Akhirnya Muncul ke Publik, Sunny Akui Jadi Perantara Ahok, DPRD dan Pengusaha
Salah satu staf Gubernur DKI Jakarta,atau Ahok, yang dicegah oleh KPK, Sunny Tanuwidjaja, akhirnya buka suara
Editor: Hendra Gunawan
TRIBUNNEWS.COM, JAKARTA --Salah satu staf Gubernur DKI Jakarta, Basuki Tjahaja Purnama atau Ahok, yang dicegah oleh Komisi Pemberantasan Korupsi (KPK), Sunny Tanuwidjaja, akhirnya buka suara.
Sunny mengakui, bahwa dirinya memang menjadi penghubung antara tersangka kasus dugaan korupsi anggota DPRD DKI, Mohamad Sanusi, lalu Presiden Direktur PT Agung Podomoro Land (PT APL) Ariesman Widjaja, dan Karyawan PT APL, Trinanda Prihantoro.
Ketiganya menjadi tersangka dalam dugaan korupsi Raperda Rencana Zonasi Wilayah Pesisir dan Pulau-Pulau Kecil (R2ZWP3) di DKI Jakarta, dan Raperda Rencana Tata Ruang (RTR) Kawasan Strategis (KS) Pantai di Jakarta Utara (Pantura).
"Penghubung itu kalau misalkan ada pengusaha mau nyampaikan sesuatu ke bapak (Ahok), kadang-kadang lewat saya. Karena Pak Gub (Ahok) itu selalu ngajak saya kalau ketemu politisi dan pengusaha. Supaya kasih perspektif supaya ada saksi," kata Sunny, di Balai Kota, Jalan Medan Merdeka Selatan, Gambir, Jakarta Pusat, Senin (11/4/2016).
Sehingga, lanjut Sunny, mereka juga bisa kenal dengan dirinya. Pasalnya, jika mereka berhubungan langsung dengan Ahok, kerap merasa sungkan.
"Mereka takut pak Gubernur sibuk dan sebagainya. Ya kadang-kadang ke saya. Tapi nggak selalu ke saya dan nggak semua punya kontak bapak," katanya.
Sunny, merupakan sepupu dari istri Franky Oesman Widjaja, anak dari bos Sinar Mas, Eka Tjipta Widjaja.

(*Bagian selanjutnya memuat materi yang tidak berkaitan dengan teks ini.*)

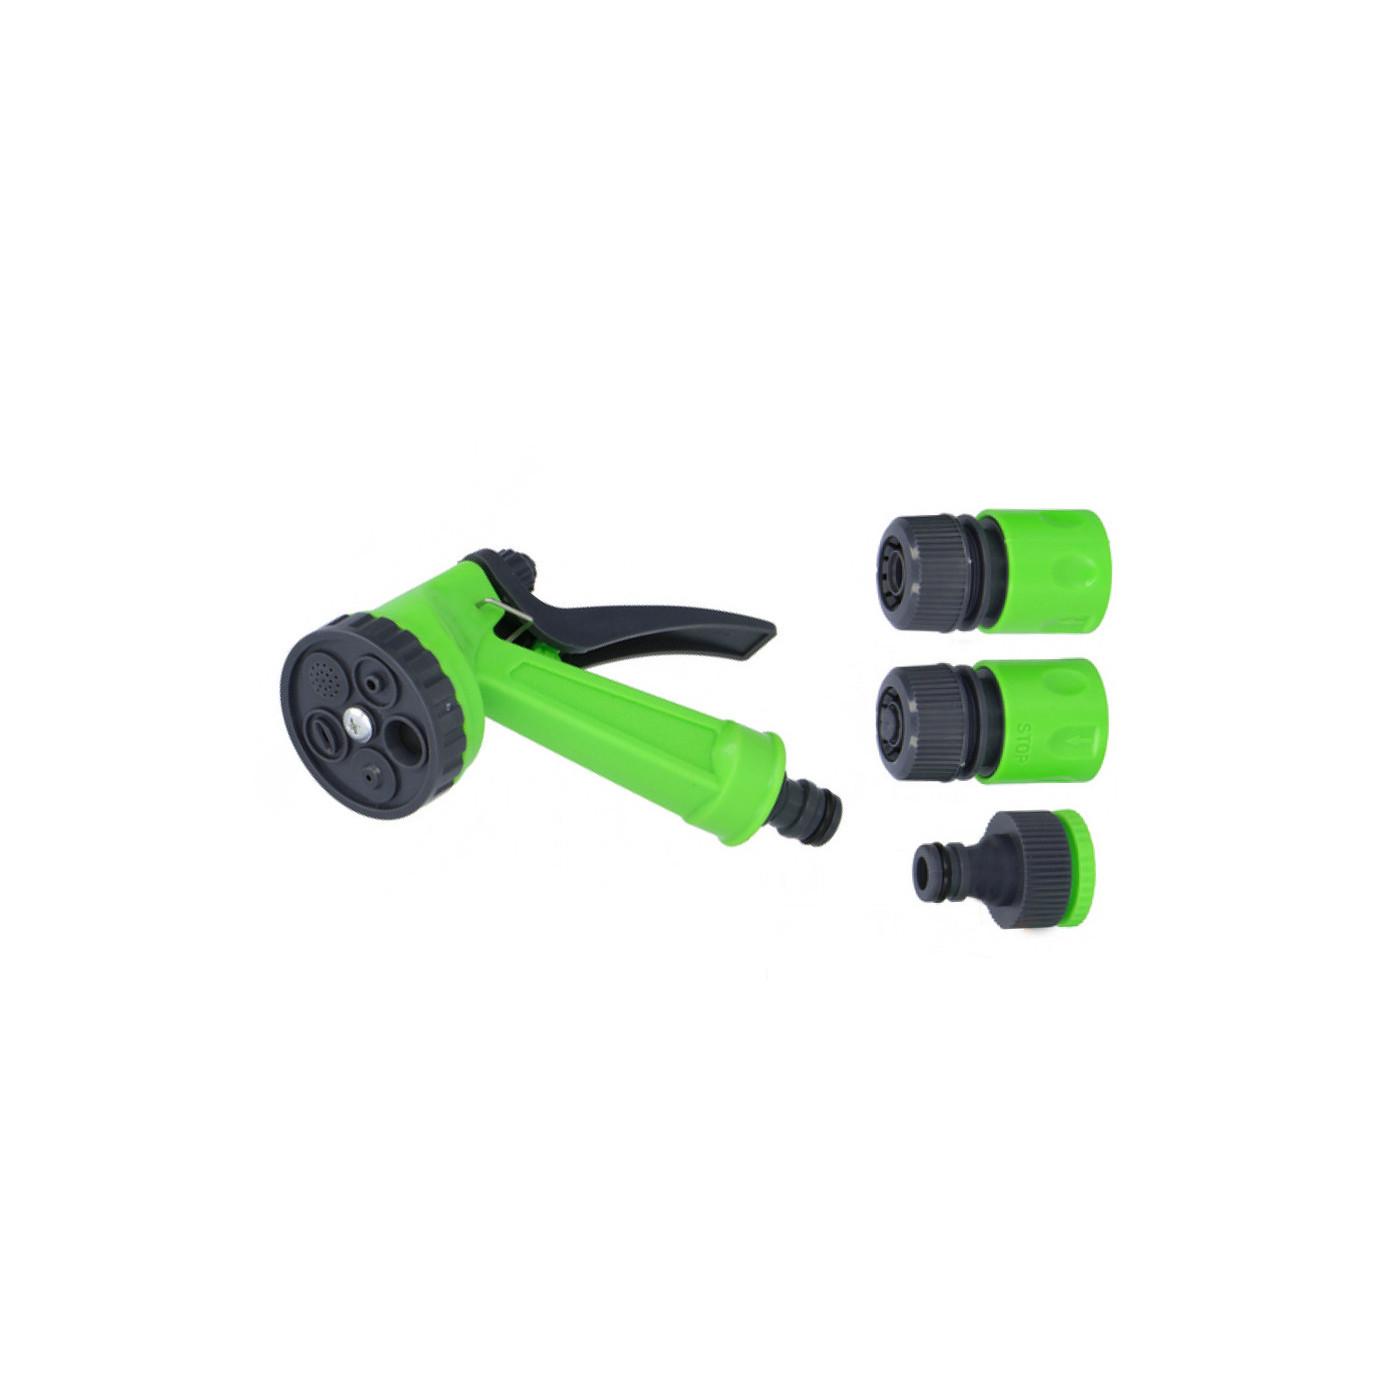 Tête de pulvérisation avec connecteurs pour tuyau d'arrosage (4

Menurut Sunny, sebenarnya antara pengusaha dengan DPRD sudah saling mengenal. Bahkan lebih dulu kenal daripada dengan dirinya.
"Sebelum saya kenal pengusahanya, sebelum kenal dengan DPRD-nya, mereka udah saling kenal. Misalkan kayak Pak Sanusi dan Pak Ariesman, itu setahu saya sejak 2004, Pak Sanusi kan sebelum DPRD pengusaha juga. Pernah ada kerjasama juga dengan APL. Jadi memang hubungan mereka udah lama dan sebenarnya gak perlu saya untuk kenal untuk bicara gitu," katanya.

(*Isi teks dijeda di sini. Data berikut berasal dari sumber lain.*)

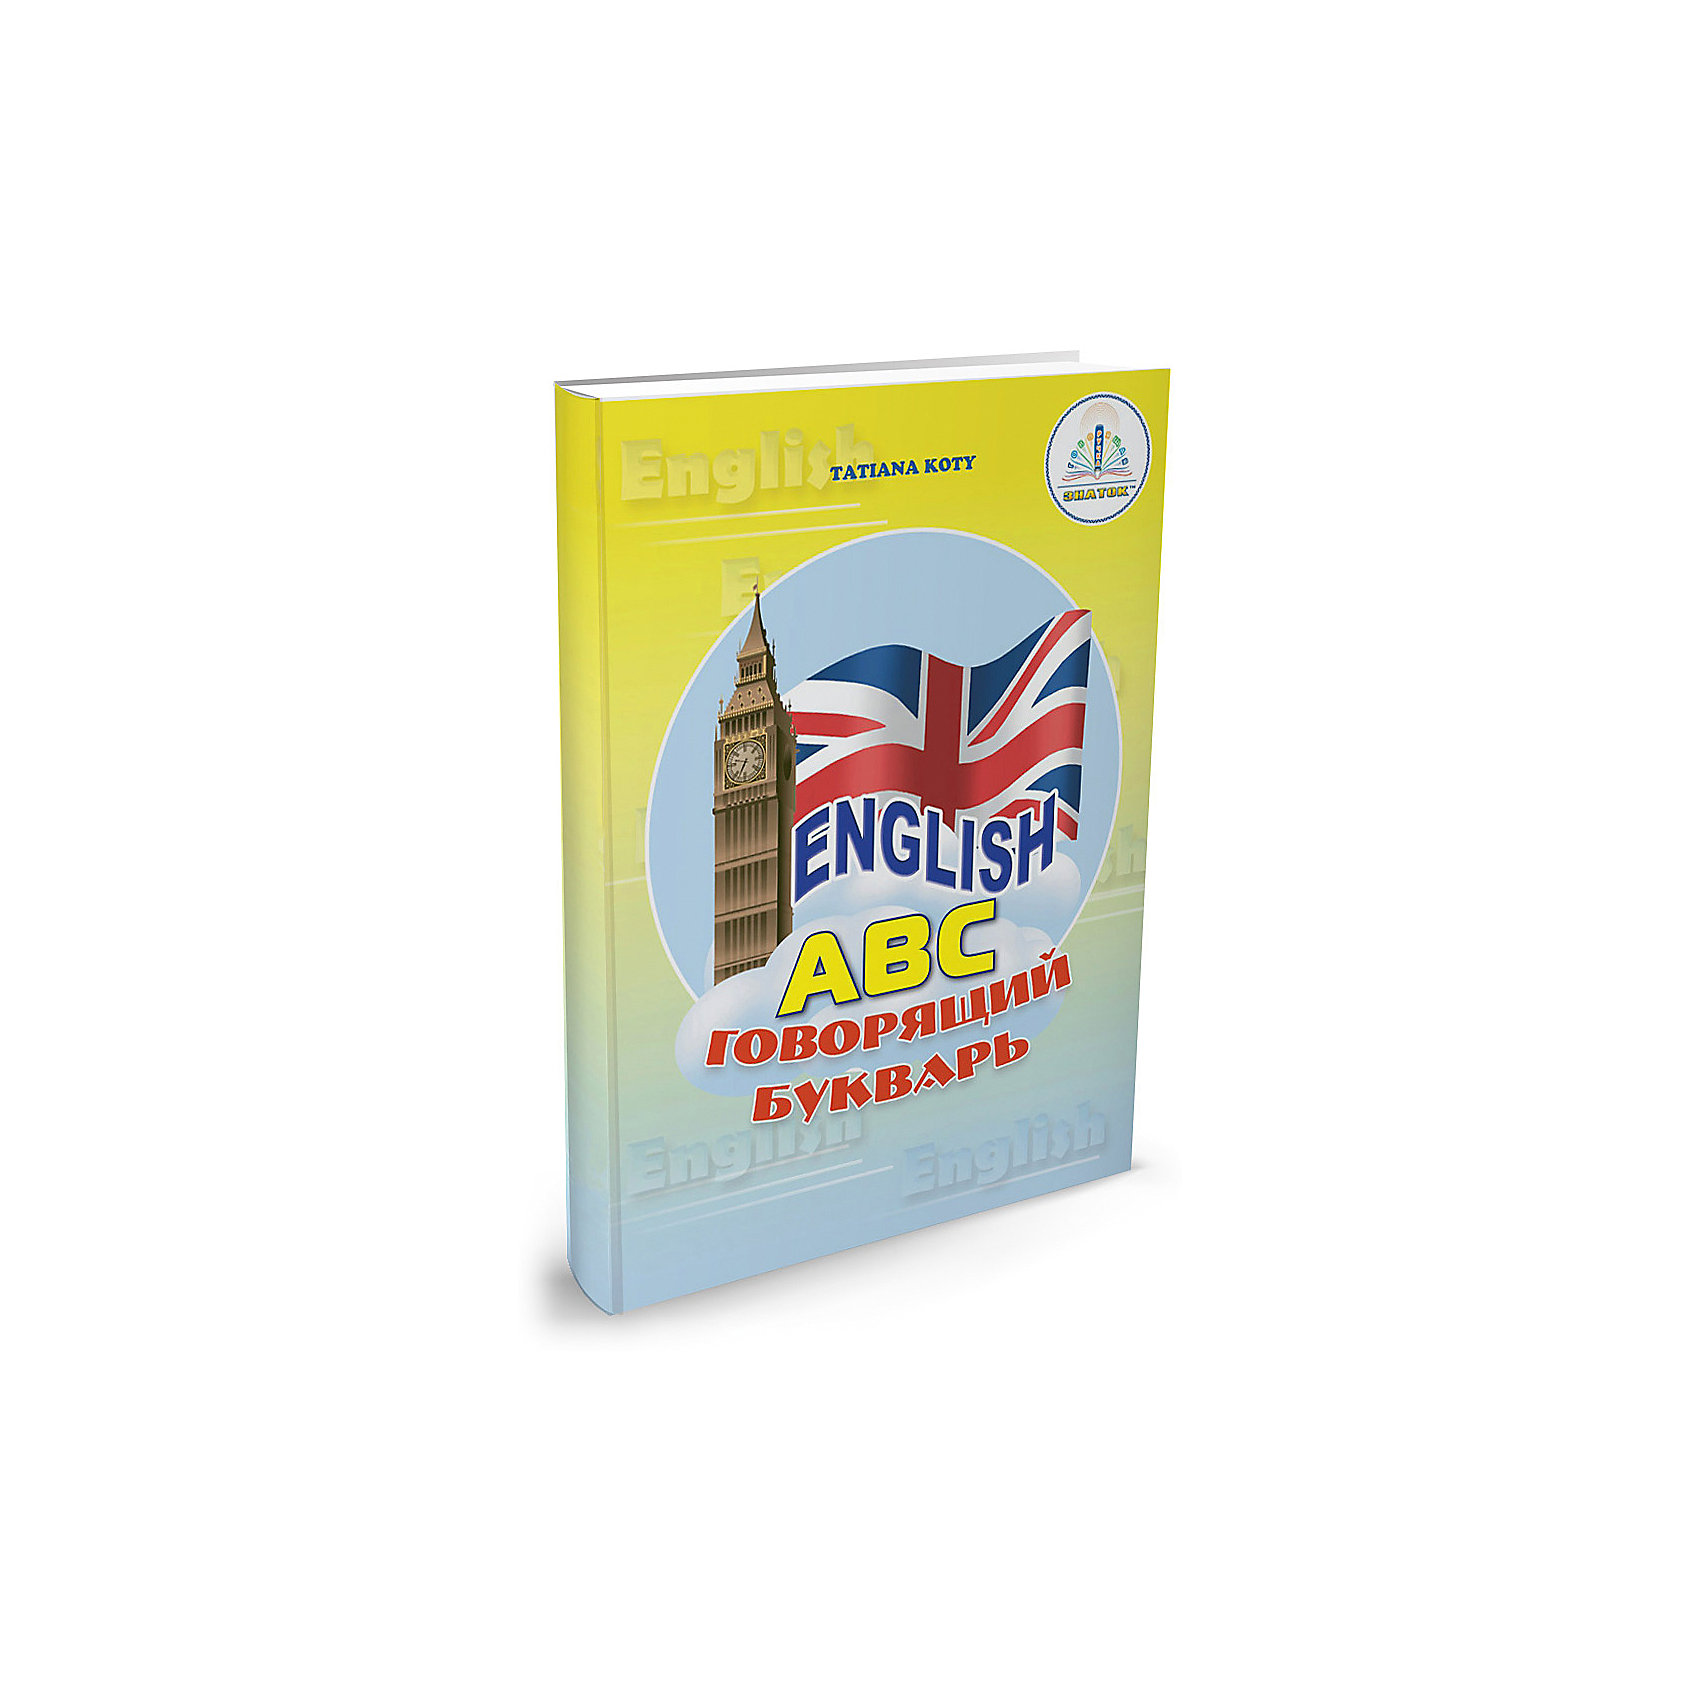 Книга English говорящий букварь+ рабочая тетрадь, ЗнатокОбучающие книги<br>Набор для изучения английского языка. Звуковая книга с рабочей тетрадью в комплекте .В книге Говорящий букварь изложена методика обучения маленьких детей английскому языку. Эта книга поможет родителям познакомить детей с буквами и звуками английского алфавита. В книге, кроме самих букв и звуков, рассматривается небольшой объём информации, нужной для закрепления начальных знаний английского языка.<br><br>Ширина мм: 190<br>Глубина мм: 260<br>Высота мм: 80<br>Вес г: 395<br>Возраст от месяцев: 36<br>Возраст до месяцев: 2147483647<br>Пол: Унисекс<br>Возраст: Детский<br>SKU: 5596028

Untuk masalah Raperda Reklamasi itu sendiri, Sunny mengatakan, bahwa sebenarnya terdapat paguyuban pengembang-pengembang reklamasi. Paguyuban reklamasi itu selain berinteraksi dengan tim di Bappeda, selama proses pembentukan draft dari versi eksekutif, mereka di dalam biasanya ada konsultan Bappeda.
"Pihak Bappeda dan konsultan Bappeda. Konsultasi dengan paguyuban. Kan selalu ada perbedaan pandangan. Mereka juga ingin menyampaikan perbedaan pandangan dari sisi mereka itu seperti apa pandangannya. Kadang langsung ke Pak Gub, kadang langsung ke saya. Interaksinya dari situ sebenarnya," jelasnya.
Namun, Sunny membantah, bahwa untuk pertemuan tersebut dirinya harus menjadi perantara.
"Enggak harus, cuma karena kenalnya sama saya ya, lewat yang lain juga bisa kok. Langsung juga bisa. Cuma kan kadang-kadang, mereka kan enggak tahu Pak Gub tidak memperhatikan detail teknis-teknis Raperdanya itu. Sehingga, Pak Guru itu enggak mau tahu lah. Makanya, dia (Ahok) udah jadi pengin lihat. Tetapi kan dia harus memahami tentang argumentasi-argumentasinya. Enggak mungkin semua dicerna mungkin semua dia bisa pelajari secara detail. Jadi kadang via saya, kadang langsung," katanya.
Untuk pertemuan dengan Aguan, Sunny mengakui pertemuan sekurangnya sekali sebulan. Namun, memang kepentingannya kadang agar bisa menyampaikan ke Presiden Joko Widodo atau Jokowi.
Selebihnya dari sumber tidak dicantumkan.